Yes please for refs! That's a great analysis BTW. I am going to pull together some stats on the back of this conversation so will definitely do some more digging. I work for a university health department so have good access to journals etc. I'll definitely look that one up though.

It would seem fairly self-evident to me that DAFNE or equivalent would be financially viable when you consider the cost to the NHS of treating A&E diabetic episodes. I would also have thought that a lack of trained staff to deliver would be no barrier when you could commission the service from another provider more cheaply that increasing your staffing.

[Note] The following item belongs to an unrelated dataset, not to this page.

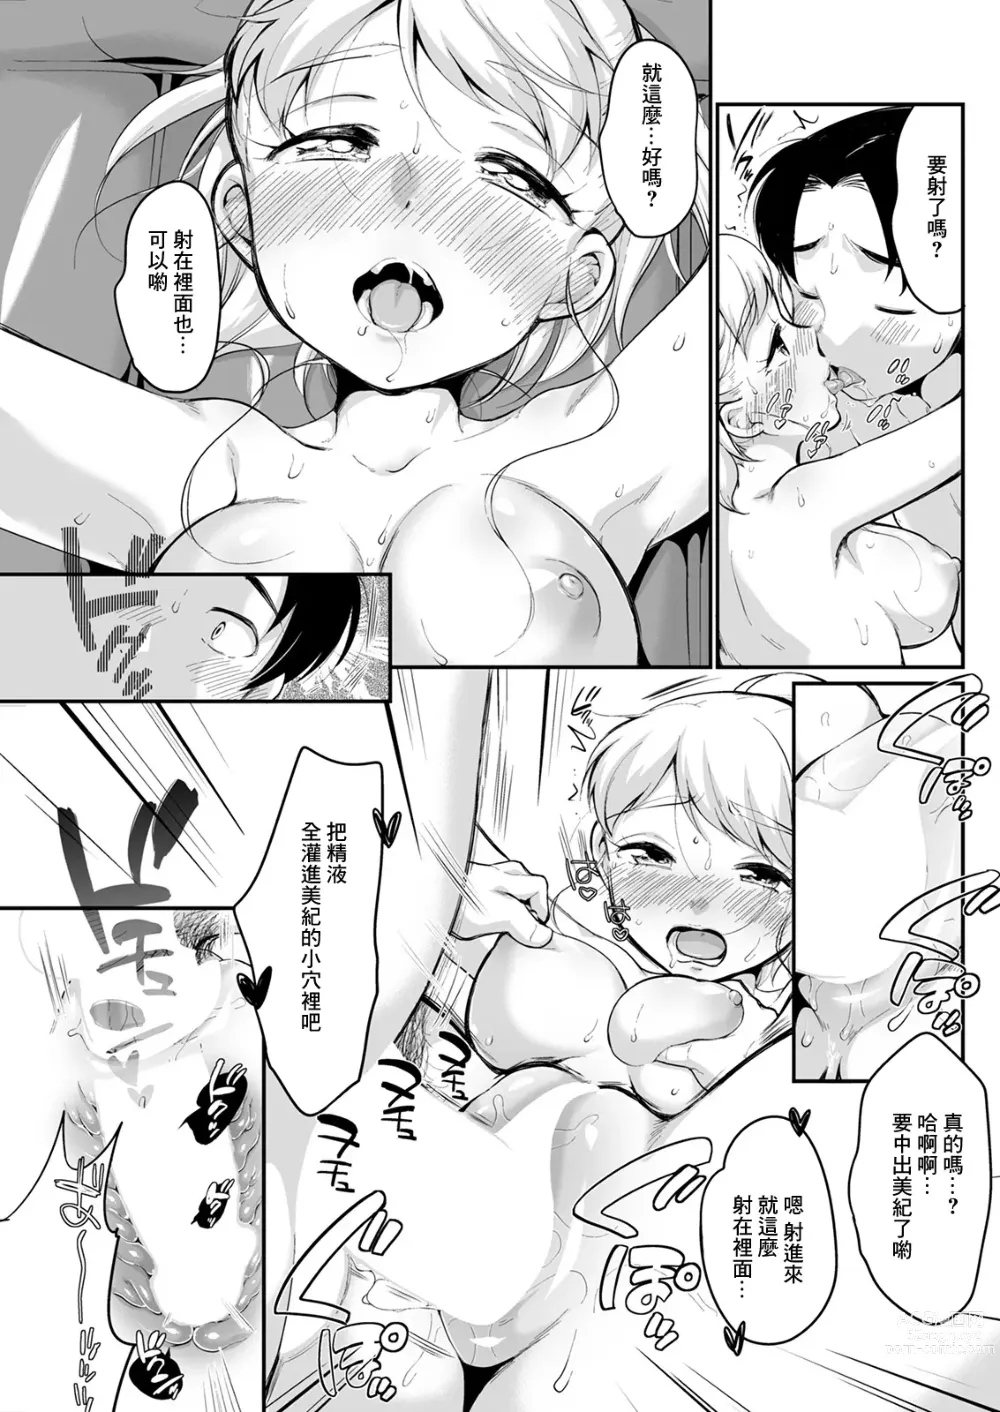 Page 17 of manga Hatsukoi Soapland

Whilst the diabetes centre of my local hospital is one of the better bits of it, I'm not impressed with the organisation overall and previous experiences have taught me that it's not very open to listening.

EDIT:
The 2010 report on delivering the national service framework for diabetes also says:

http://www.dh.gov.uk/prod_consum_dh.../@en/@ps/documents/digitalasset/dh_112511.pdf
"Structured patient education plays an important role in enabling people with diabetes to manage their diabetes on a day-to-day basis. The spread of the Diabetes Education and Self-Management for Ongoing and Newly Diagnosed (DESMOND), Dose Adjustment For Normal Eating (DAFNE) and X-PERT courses is encouraging. The first recommendation in NICE CG8714 is that every person with diabetes should be offered structured education."